Genie in a Bottle

Earlier this week I posted a very personal word from God. Someone asked me why I would put anything so personal out into the world for all to see. The answer is simple. Everyone needs to know that regardless of what any of us has done or not done; regardless of whether we are living in relationship with God or not, we are divinely and uniquely made and we are all incredibly beloved by God. While there are personal layers and meanings specific to me in that word, the essence is for everyone. God. Loves. Us.

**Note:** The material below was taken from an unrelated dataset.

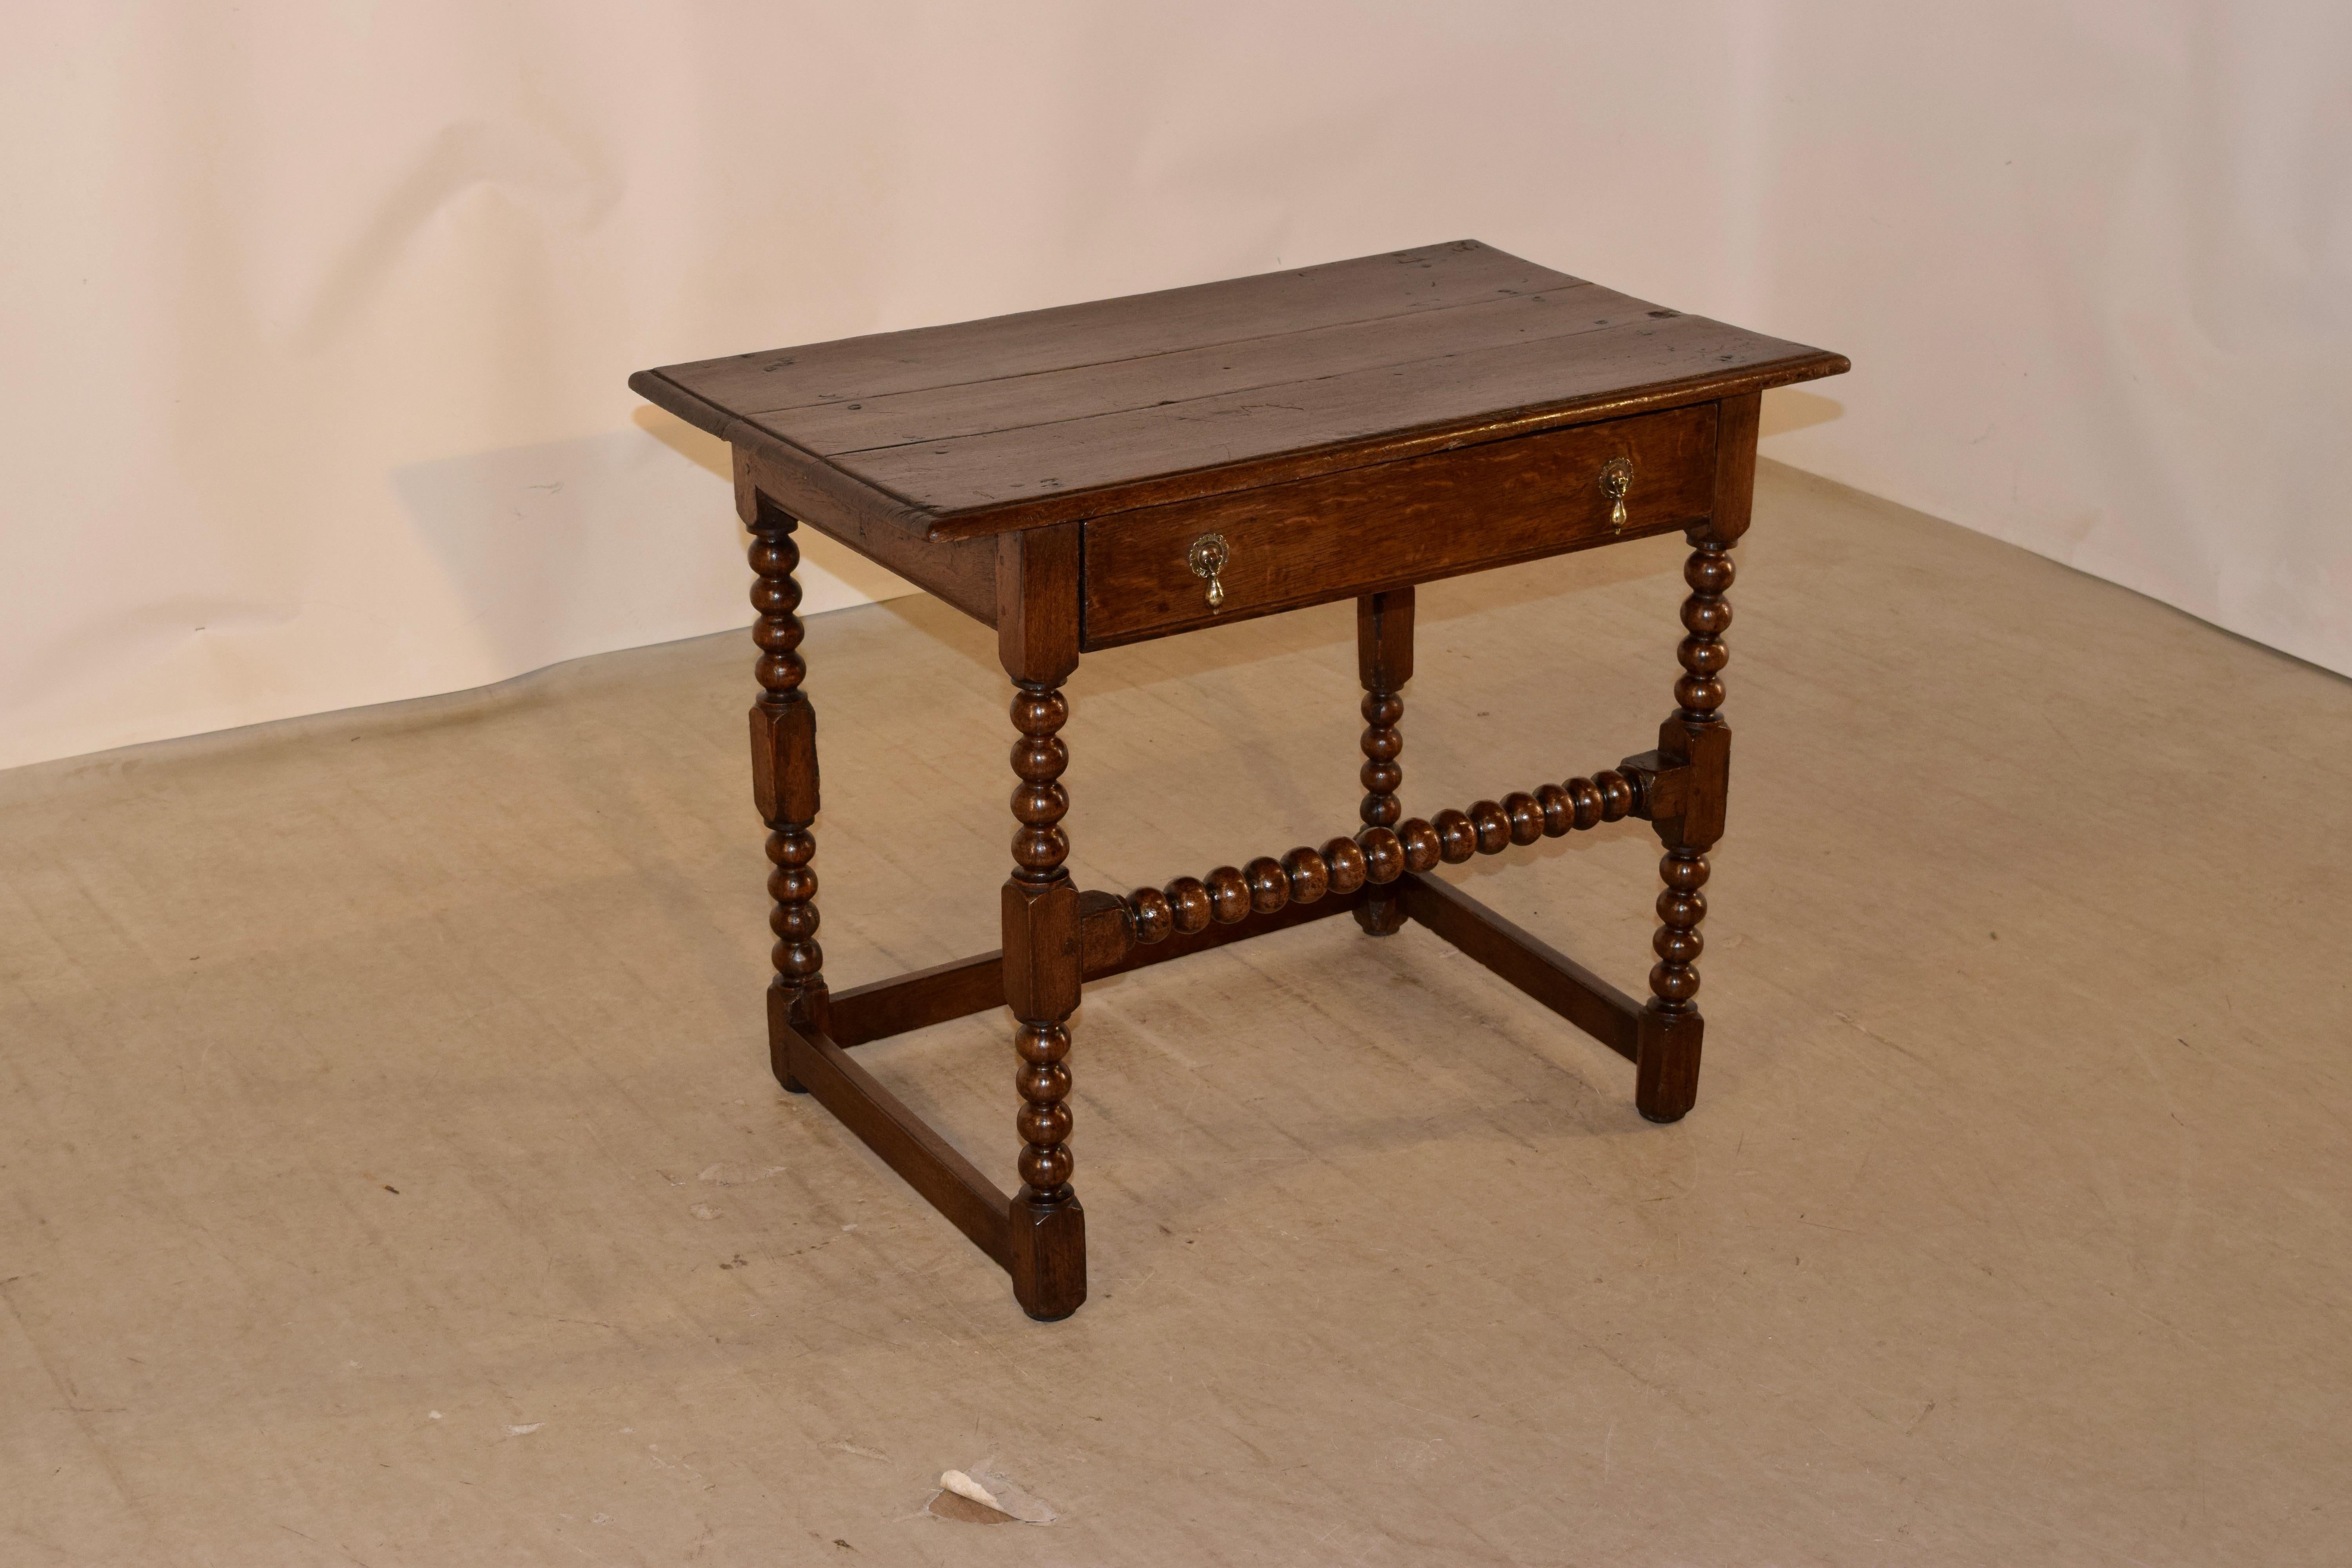 17th century oak side table from England with a beveled edge around the top, which has hand pegged construction. The apron is simple and contains a single drawer over hand turned bobbin legs, joined by a matching stretcher in the front, and simple

I have spent most of my life longing for and running from God’s love. Sometimes at the same time. If you had asked me about this at any point in time, I wouldn’t have seen my actions for what they were. I would have told you how I felt my relationship with God was based on how well I thought I was performing at the time. Or how steeped in religiosity I was. Or how beaten down and alone I felt. My response would have been based on emotion or performance, not on relationship at all.

As a young child, Jesus was my imaginary friend. We spoke all the time and often it was just Jesus and me because there was no one else.

In my teens there were times I treated God like a genie and times I treated Him like a welcomed confidante. All those hours spent in my room with the door closed were spent trying to figure out the hormonal angst that had become my life, however much of the relationship was one way. I was spilling my guts to God, but I wasn’t actively listening to Him.

In college I ran. I mean I really fled from God. Which is a little ironic as I was attending a faith-based college at the time. It was during this time that all my issues seemed to coalesce and I was confused enough to fall into pitfall after pitfall. There was a point in time when I felt like nothing was going right and God was allowing disaster to befall me in Job-like proportions. If God was going to punish me, I was going to walk away from God. At the very least, I was going to keep Him at arm’s length.

I look back now and I can hear the Holy Spirit snicker, “Yeah, good luck with that.” There’s no escaping God. Elijah learned that as he tried to hide from God after having battled the priests of Baal. Just thinking that there is a way to hide from God is a human attempt to make Him smaller than He really is. We are very accomplished at making God small.

And that’s what I have done most of my life. I have stuffed God in a box and put the box on a shelf and told Him to stay there until I decide I need Him. Then He’s allowed to step out in all His glory and set my world to rights.

This faulty thinking reminds me of Disney’s animated movie adaptation of Aladdin. When Aladdin was trying to wrap his head around just who and what the genie was, the genie explained that he was a being of phenomenal cosmic power trapped in an ity bity living space.

 

The genie was an enslaved magical being and not God, but I think this is often how we see our Heavenly Father. He’s majestic and mighty and the creator of our very universe, yet we treat him like His hands are tied. Just like Aladdin’s genie’s hands were tied.

If we view God as being too small or as less than all-powerful, can we really believe that God has this amazing and unfettered love for us? Can we trust that when God looks at us through the filter of Jesus’ sacrifice at the cross, He sees us as redeemed? Can we even begin to grasp what it means to be a much-loved child of God, let alone the ridiculously cherished bride of Christ?

It doesn’t take a gifting in the prophetic to see where this path leads. It leads to rules and religion and believing those insidious little lies about the nature of God that ties our own hands behind our backs and makes us less effective in the Kingdom than we could be. By making God smaller, we are diminishing ourselves, our ministries, our relationships, our experiences. God is bigger and yes, He can do great things despite our lack of belief or understanding. He can choose to give us amazing experiences and put incredible people in our path. At the end of the day, it’s our own values and belief systems that diminish what God wants to provide for us.

I’m learning this quickly. As God was giving me that incredible word, He also saw fit to shed light on some areas of my life where there is bondage and on the forces that have been working in opposition to God for years.

This is what I find truly amazing. God knows what He wants in my life. He has always known. He knew that for me to reach this next phase in growth that I would need support, that I would need desire, and that I would need to hear just how He sees me over and over and over again before the walls of steel and stone I erected around my heart could start to crack beneath the weight of His truth. Timing, it seems, is everything. I may have been offered similar windows of opportunity in the past, but for one reason or another I didn’t see them for what they were. I didn’t recognize them as gifts of great love.

This time is different. That box I stuffed God into, it’s starting to disintegrate. No more am I treating my Almighty father as a genie in a lamp or just a sounding board. This time I have a trusted friend and mentor in Claire. This time something has shifted enough in my belief system that I desire this growth and no longer want to walk this half-life I have been living. I want to take this time to break those bonds and to start to experience God’s goodness in all it’s fullness.